Freeing the voice is also the main concern for Zorana Sadiq, a Toronto-based soprano equally at home in Mozart and contemporary scores. Sadiq credits a solid vocal technique for her ability to sing eclectic ethnic styles, as well as the most convincing pop I have ever heard from a classical singer. With her students at Toronto’s Regent Park Music School, which serves a diverse urban population, Sadiq emphasizes singing as an athletic pursuit, focusing on anatomy, posture, and breath. She also works with each student to find out why they want to sing and who they listen to: “You want to get a sense of what their ear is inspired by.” This can be tricky since “you get a lot of pop, not all of which is vocally healthy.”

Recently Sadiq led a Song Interpretation class, pairing singers and pianists in a masterclass setting.  Instead of Italian or German, she chose all English songs, mostly by Samuel Barber and Aaron Copeland. “With classical singing, it is very easy for singers not to know what they are singing about,” noting how working with text separates singers from our instrumental counterparts. “Storytelling is what hooks young singers,” says Sadiq, who chooses texts that allow students to draw from their own life experience. “You can see them get really excited.”

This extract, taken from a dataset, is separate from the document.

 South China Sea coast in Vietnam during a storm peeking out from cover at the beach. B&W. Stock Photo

My friend Sandra Churchill was my partner-in-crime at the University of Toronto Faculty of Music— though always with the lovelier, oaky-toned voice. A teacher for 13 years, the second of her three children, now 9, inherited the vocal talent. He is in his second year with Chœur des enfants de Montréal, where she feels that his gift, and his vocal health, is in good hands. The choir’s rehearsal and concert schedule is taxing for kids rushing to hockey practice and loaded down with homework, but she feels that fostering his talent, and the life lessons that go along with it, are worth it: “I tell him that he has a gift and an obligation to share it.”

Her sister Norma Churchill runs a busy voice studio in Toronto, where she is also an examiner for the Royal Conservatory of Music. She feels examinations are motivating, like preparing for a performance, and may include theory, sight-singing, ear-training and vocalising, in addition to actual songs: “It is about training singers to be musicians,” she says, crediting “the progressive nature of curriculum which develops as the instrument develops and the singer gains more maturity.” She sees a lot of singers with big ambitions who are surprised to learn that there is no quick fix. “Our society is about immediate gratification. Kids have the sense that you can go into a lesson and become famous. Singing is very physical; muscles need to coordinate and strengthen and support the voice.”

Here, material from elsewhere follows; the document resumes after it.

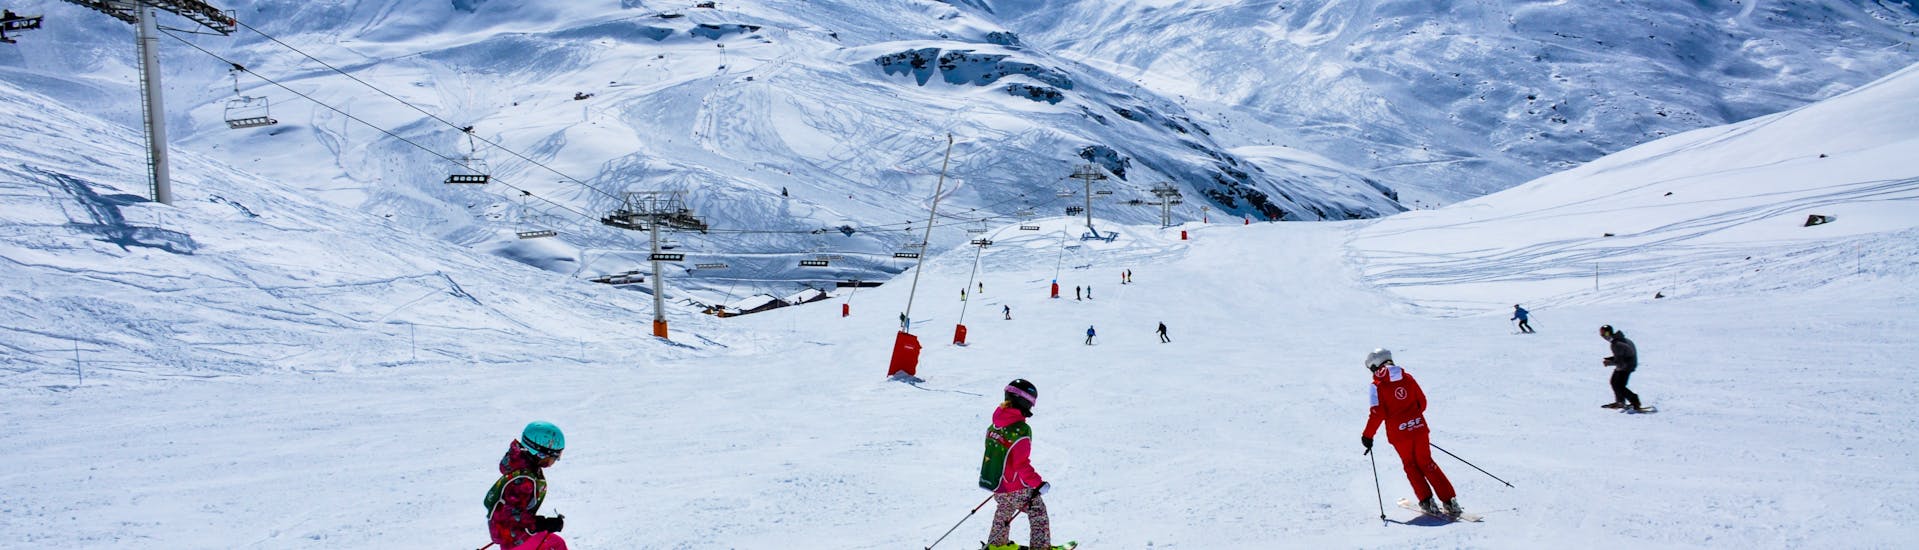 During a Super 6 kids ski lesson of ESF Val Thorens, young skiers descend a slope with their instructor.

There is a lot of singing going on at her household. Her daughter is in a school vocal program and performs with the Canadian Children’s Opera Chorus, and her son will graduate from St. Michael’s Choir School this year. Students at St. Michael’s sing every day in addition to weekend singing duties at Mass. Churchill was overwhelmed at the graduating class’s recent performance, where 28 boys— all thrilled and proud—flawlessly sang an a capella piece without a conductor: “It showed how they have learned to be sensitive to one another, learned to listen to each other, their commitment and teamwork. It was like - this is what singing can do!”